- [Exercise directions]:
Leave every picture out, and give again exactly the lines from the one containing "Method for enabling" through the end of the listing.

- [Material provided]:
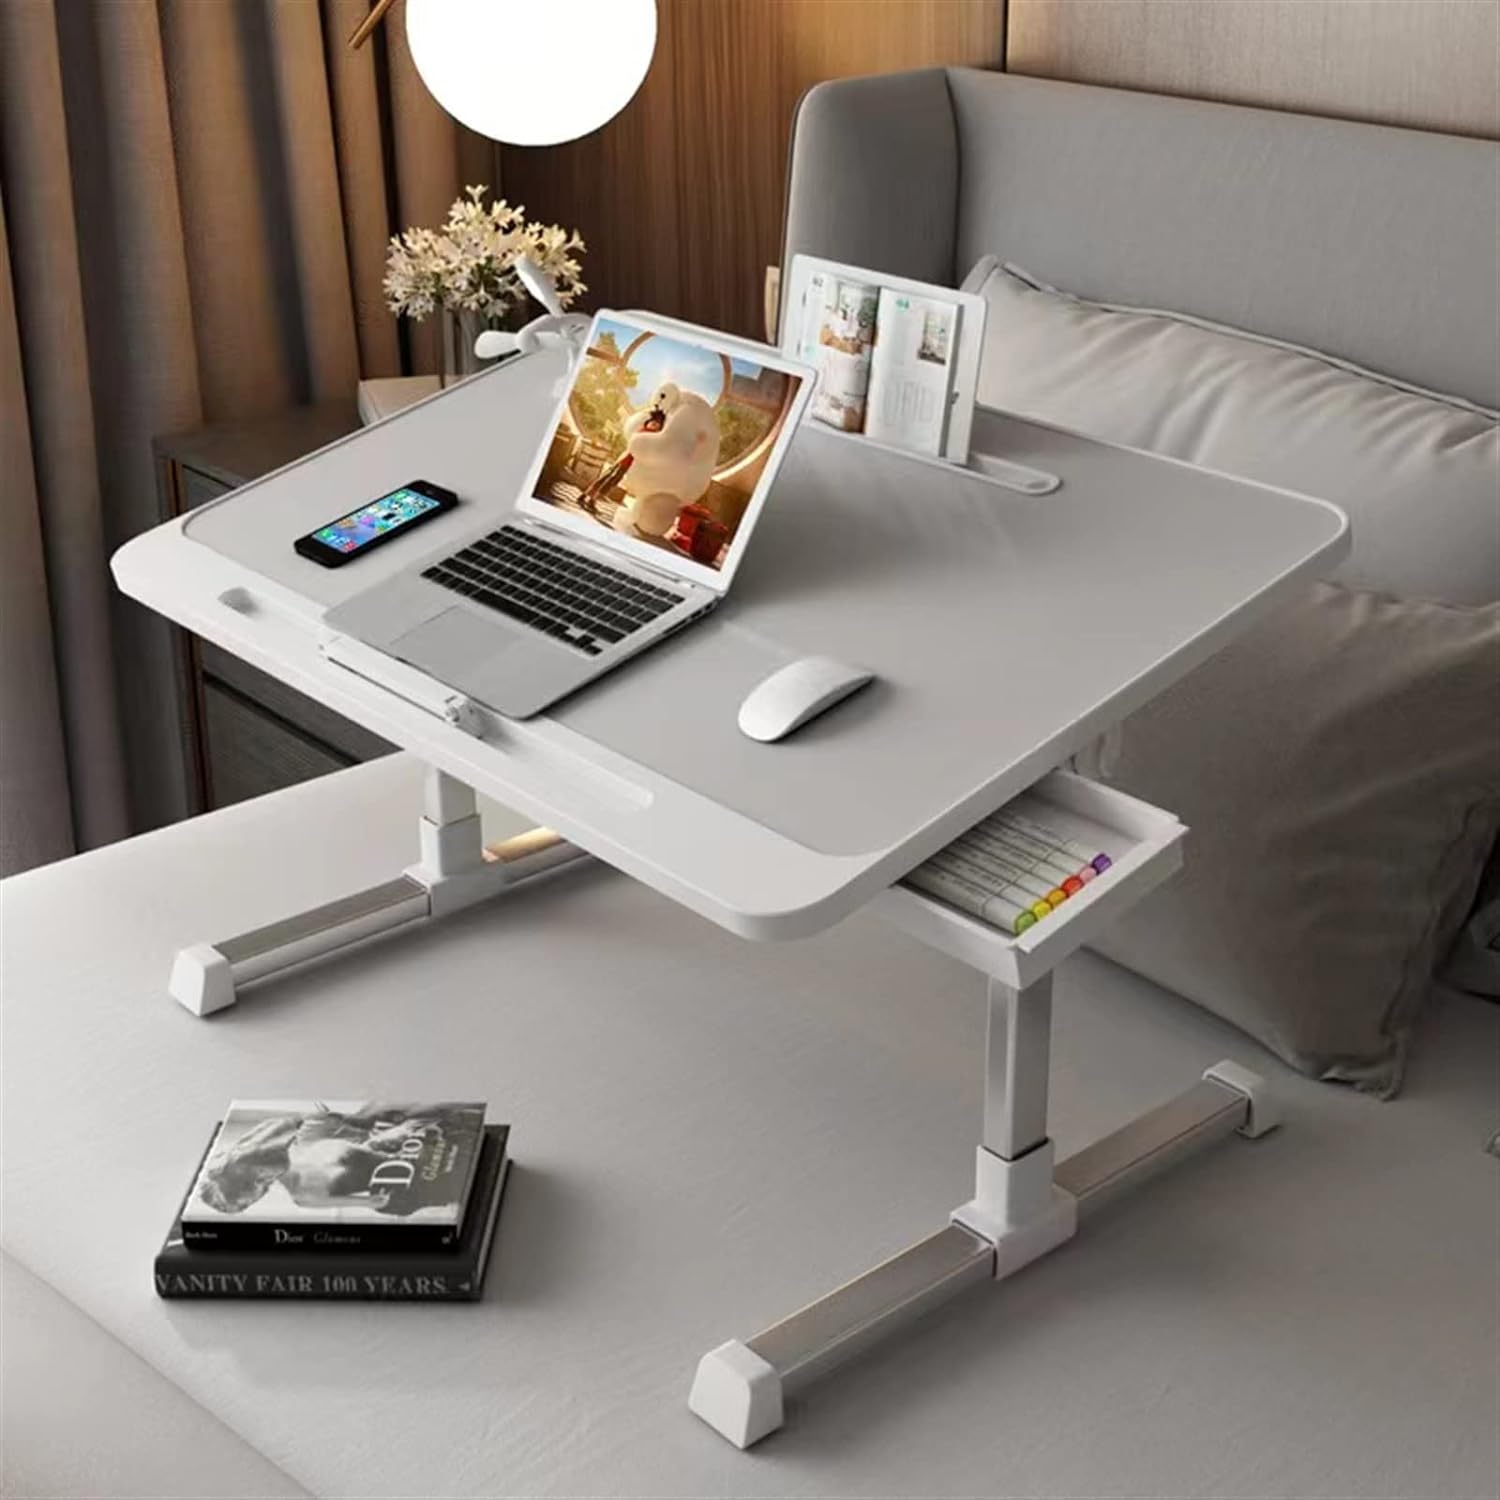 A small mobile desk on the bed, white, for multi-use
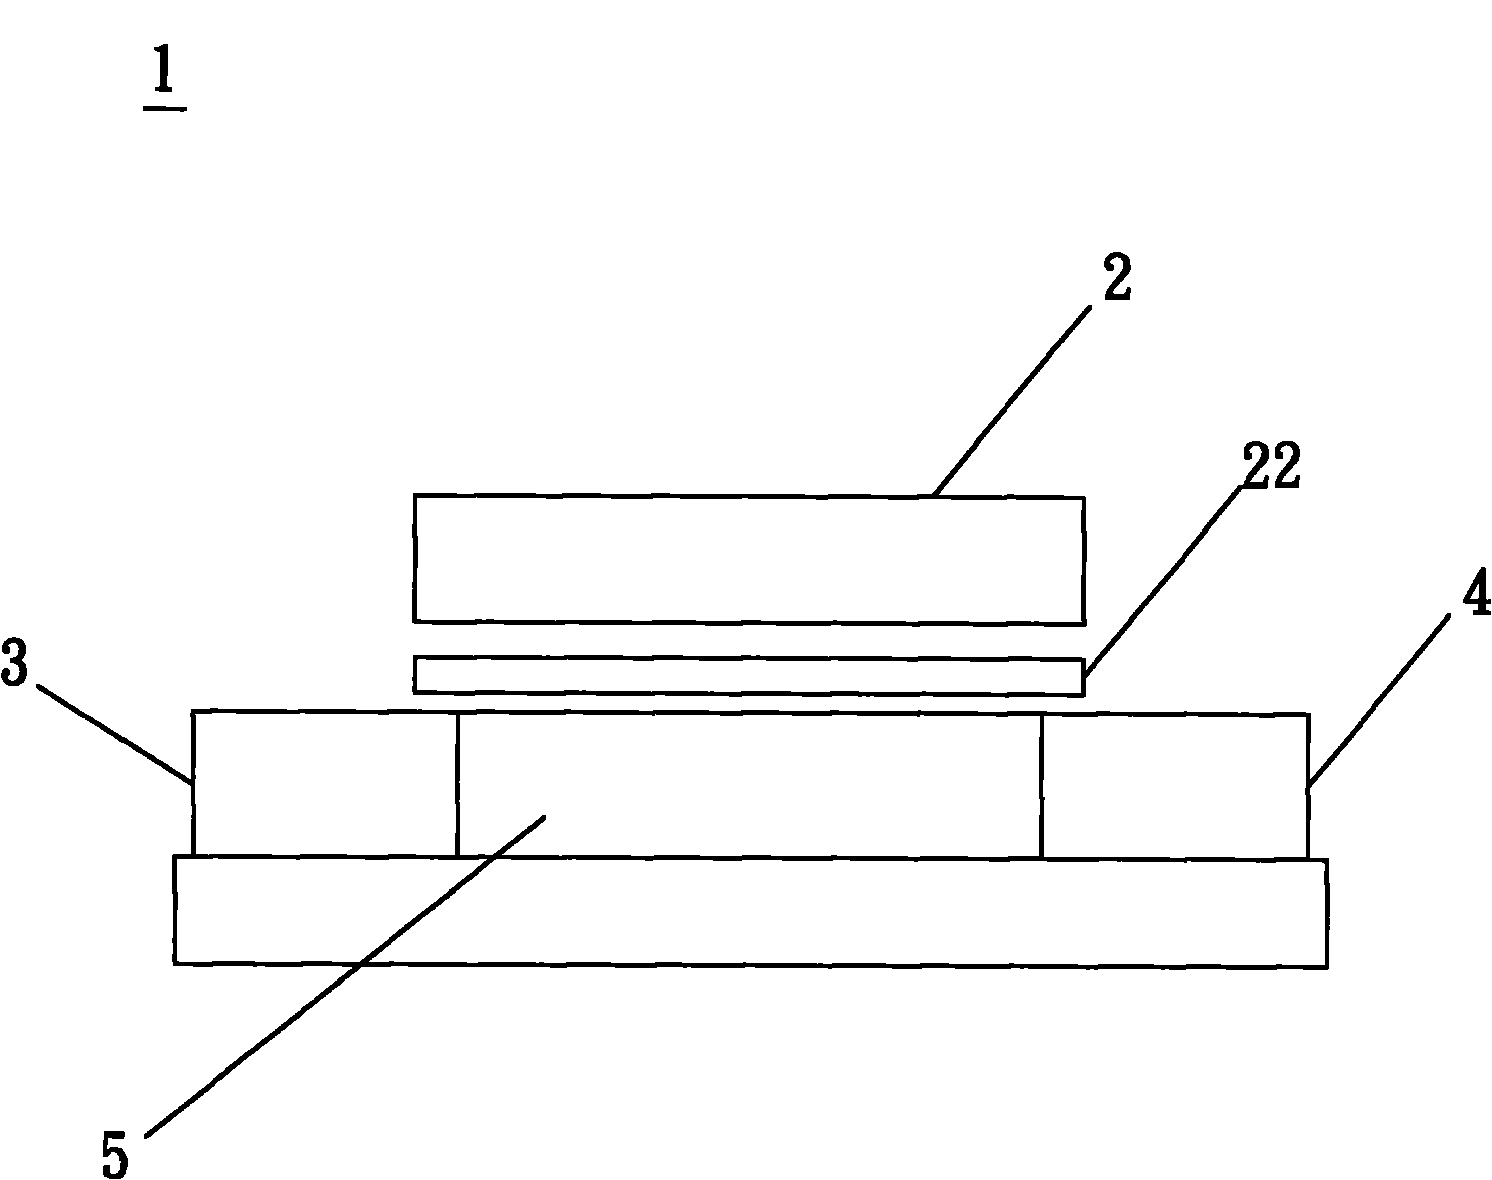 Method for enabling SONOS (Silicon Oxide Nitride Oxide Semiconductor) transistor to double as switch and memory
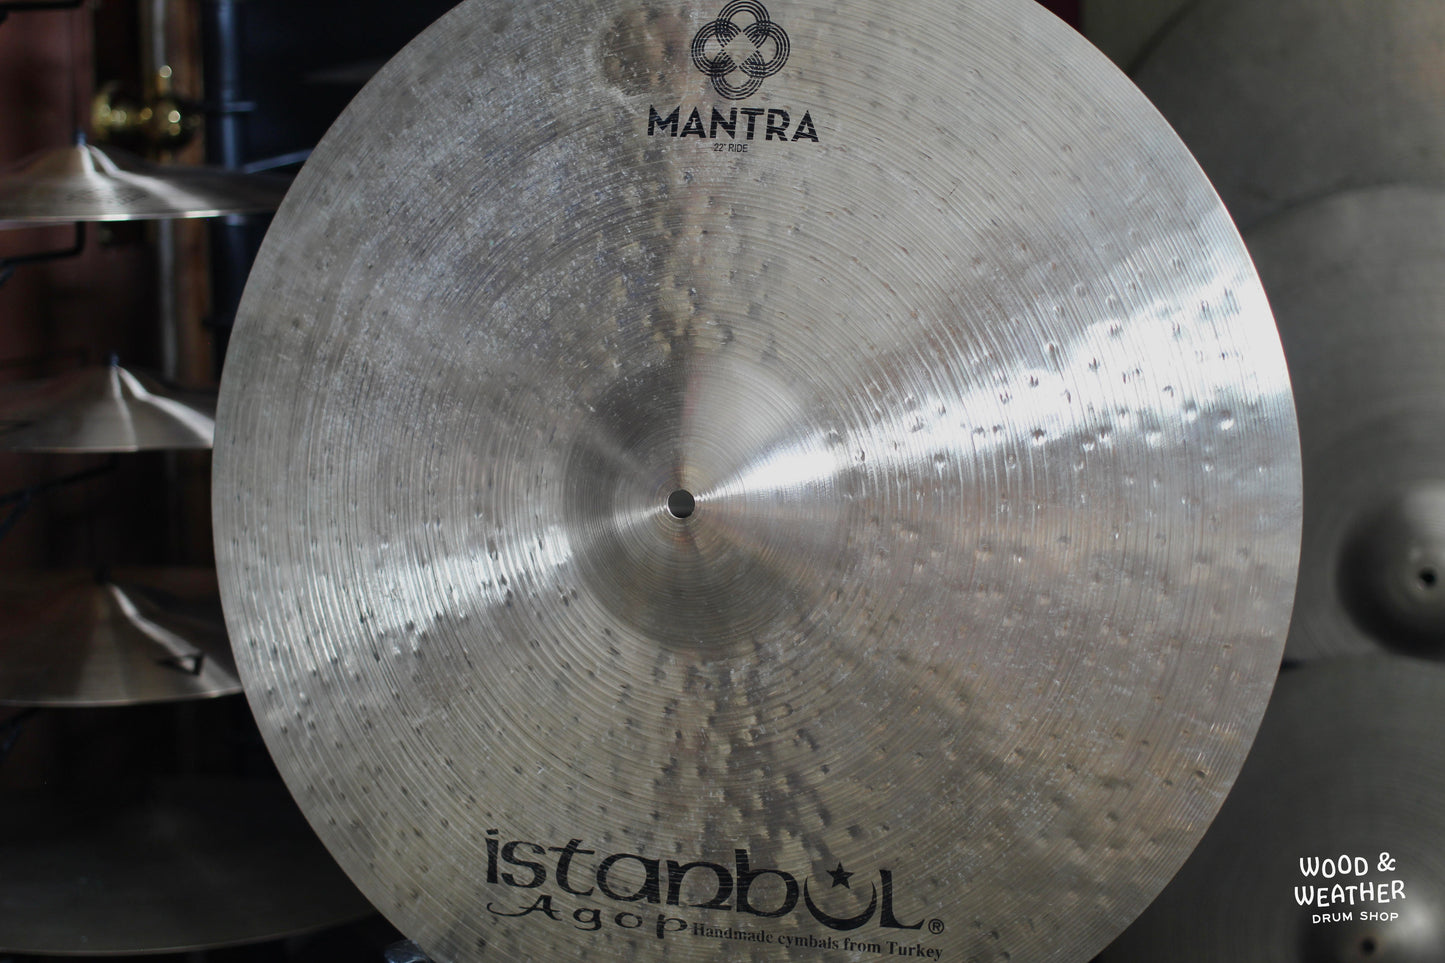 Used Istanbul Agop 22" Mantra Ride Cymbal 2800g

- [Answer box]:
 Method for enabling SONOS (Silicon Oxide Nitride Oxide Semiconductor) transistor to double as switch and memory
 Used Istanbul Agop 22" Mantra Ride Cymbal 2800g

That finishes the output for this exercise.